Lola restaurant Brussels Grand Sablon contemporary brasserie interior

Lola

#27 in Brussels Brussels — Grand Sablon French Brasserie $$$ Michelin Guide
FF

Reviewed by Fredrik Filipsson · Visited Q1 2026

Lead Curator, Restaurants for Kings

"Place du Grand Sablon's most stylish address. A contemporary brasserie where the room is as considered as the menu — the kind of first date venue that removes all risk from both parties before the amuse-bouche arrives."

8.0 Food
8.5 Ambience
7.4 Value

The Sablon Institution

Since 1994, Lola has occupied the corner of the Place du Grand Sablon that antique dealers, gallery owners, and the upper-tier of Brussels professional society treat as their dining room. The Grand Sablon is Brussels at its most carefully curated — chocolate shops that have been operating since the 18th century, antique galleries that require an appointment, weekend markets where the serious collectors come early — and Lola has been the square's reliable restaurant address through all of it.

The menu is a well-argued pan-European brasserie programme. Scottish smoked salmon arrives with horseradish cream in the form it should take. Belgian shrimp croquettes appear as the definitive version the city demands. The à la carte extends through beef carpaccio à la Harry's Bar, calf's sweetbread vol-au-vent that produces the mild shock of classical French technique executed with absolute conviction, linguine in salted butter for those who know what they want, and scallops with caramelised endive and Riesling mousseline — the kind of dish that a kitchen attempts only when it is confident of its technique at every step of the preparation.

The room itself contributes: it is elegant without being cold, stylish without requiring you to perform. The service is professional in the Belgian manner, which is to say warm and technically correct simultaneously. Reservations are advisable for dinner on weekends; the Sablon attracts visitors who have heard about the square's character and want to confirm it over a meal.

Best Occasion: First Date

The Sablon address does immediate work on a first date — it communicates that you know Brussels, that you have considered the choice, and that you are not defaulting to the nearest available table. The neighbourhood is pleasant to walk in before dinner, the room is flattering, and the menu provides an immediate shared framework for the evening: what to order, what to avoid, what the brasserie format means in this specific context.
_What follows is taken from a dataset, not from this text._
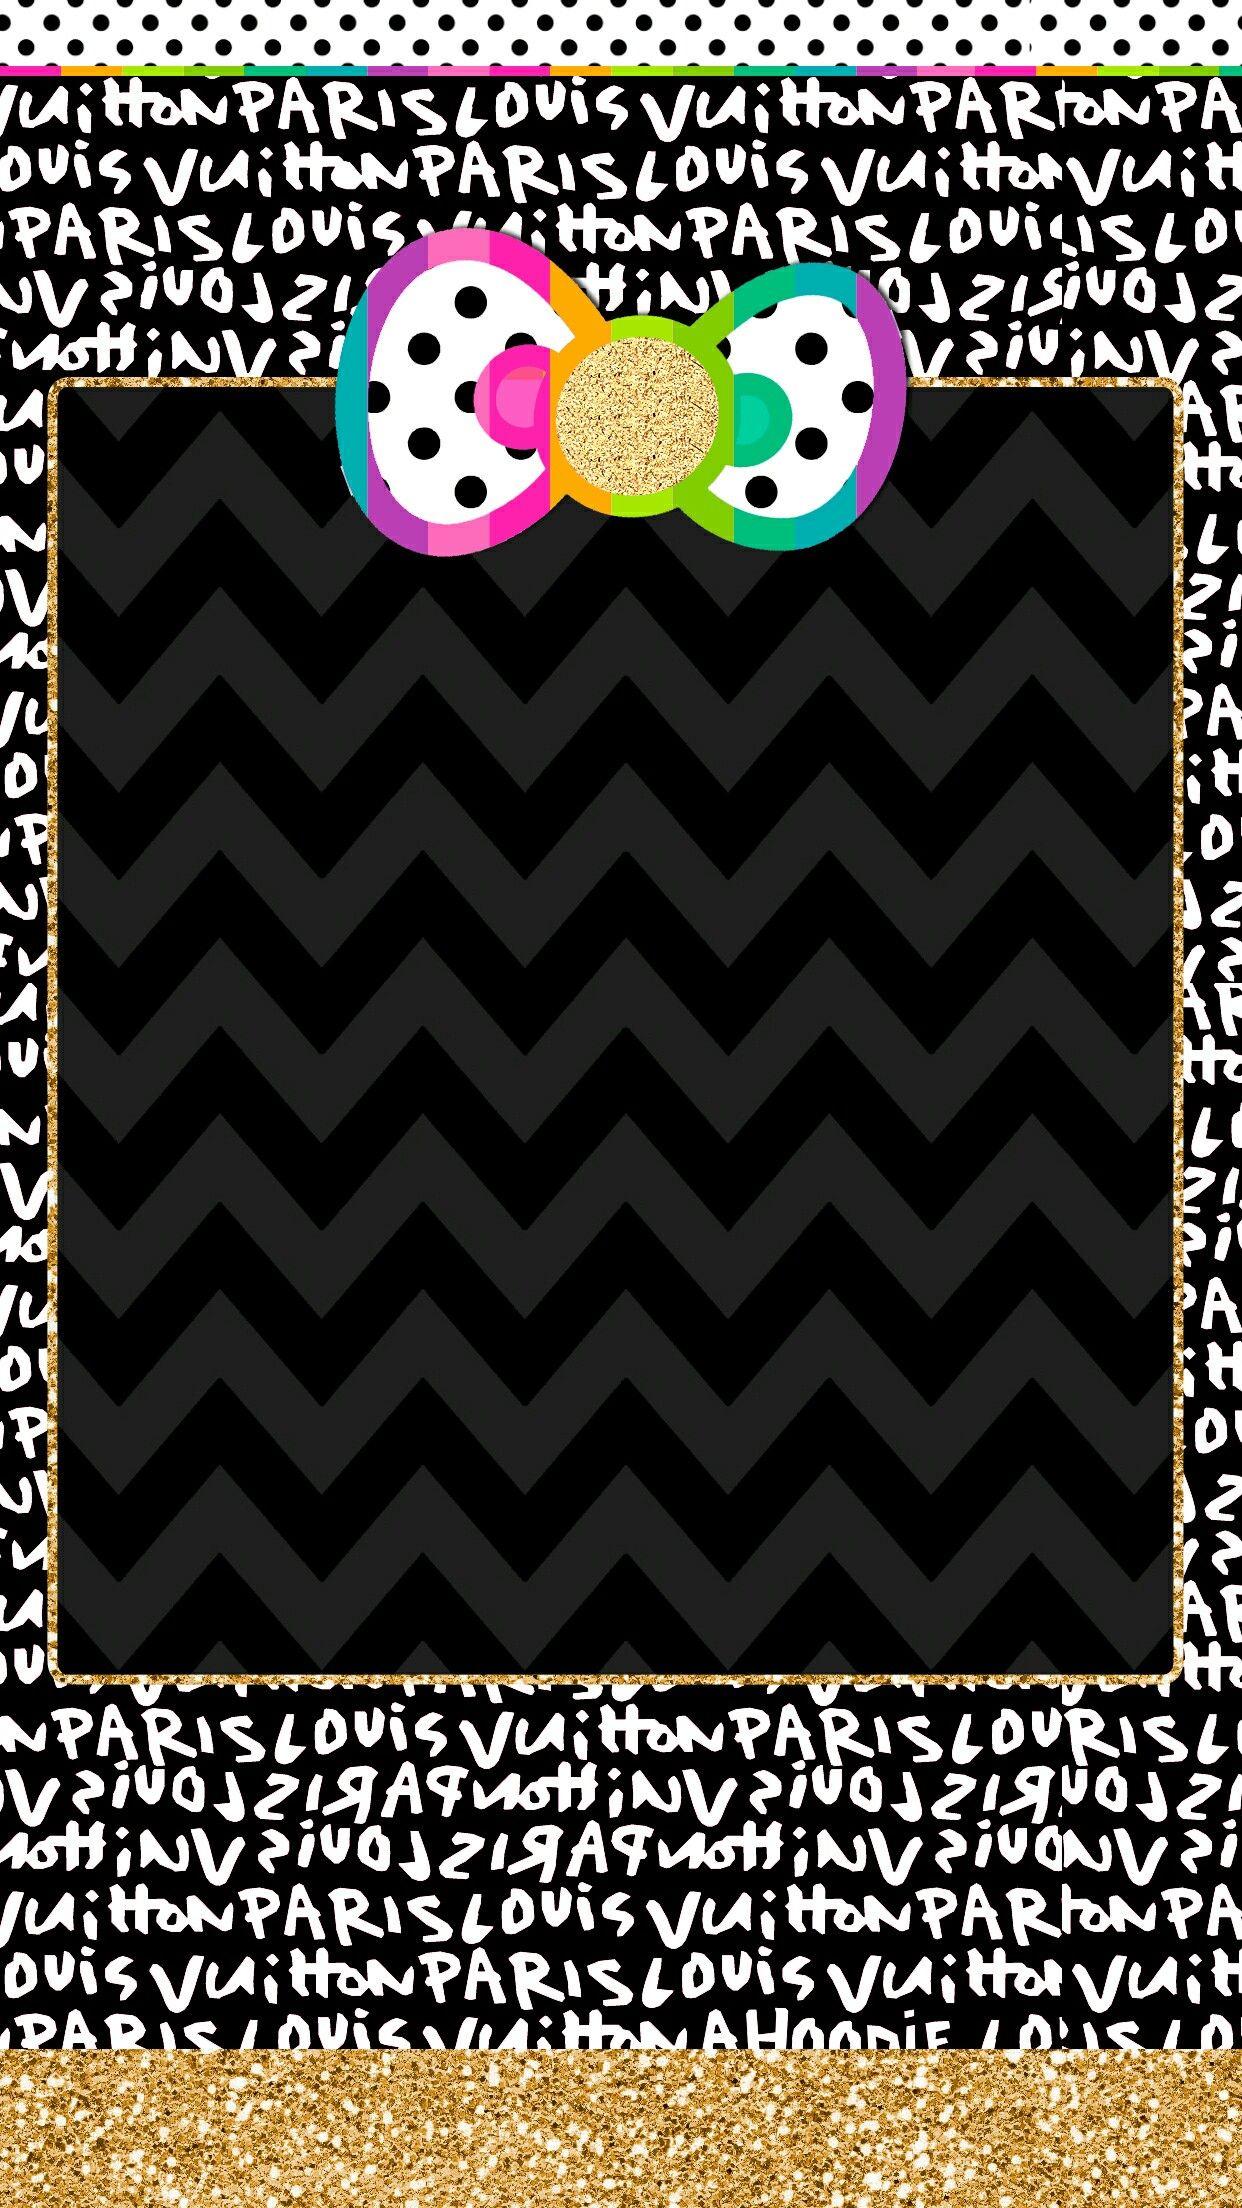 Beautiful Wallpaper Hello Kitty Ipod Touch - 581156f99b97bd955a569932ed9f3591  Pic_91981.jpg

For a birthday dinner, the restaurant's longevity and reputation provide the sense of occasion without requiring the formal apparatus of a starred restaurant. For a proposal, the Sablon square itself sets the scene — Lola provides the venue within walking distance of some of the city's finest evening atmosphere. Related options on and near the Sablon: Les Brigittines for contemporary Belgian cooking nearby, Comme Chez Soi for the starred occasion just across town, and La Quincaillerie for the classic Ixelles setting with comparable ambition.

What to Order

Begin with the Belgian shrimp croquettes — it is a test the kitchen performs with confidence, and the Sablon's visitors expect it done properly. Follow with the calf's sweetbread vol-au-vent if you are prepared to encounter classical French-Belgian cooking at its most unapologetic. The scallop with endive and Riesling mousseline is the kitchen's more contemporary expression, and shows the range of the menu's ambition without abandoning its classical foundation.

The wine list is comprehensive and well-chosen, with particular strength in white Burgundy and Alsatian Riesling — both well-matched to the kitchen's style. At dinner, the cheese board is worth pursuing before dessert; the Belgian and French selections are rotated with care. Chocolates arrive with coffee, as they should in a restaurant within one hundred metres of Wittamer and Pierre Marcolini.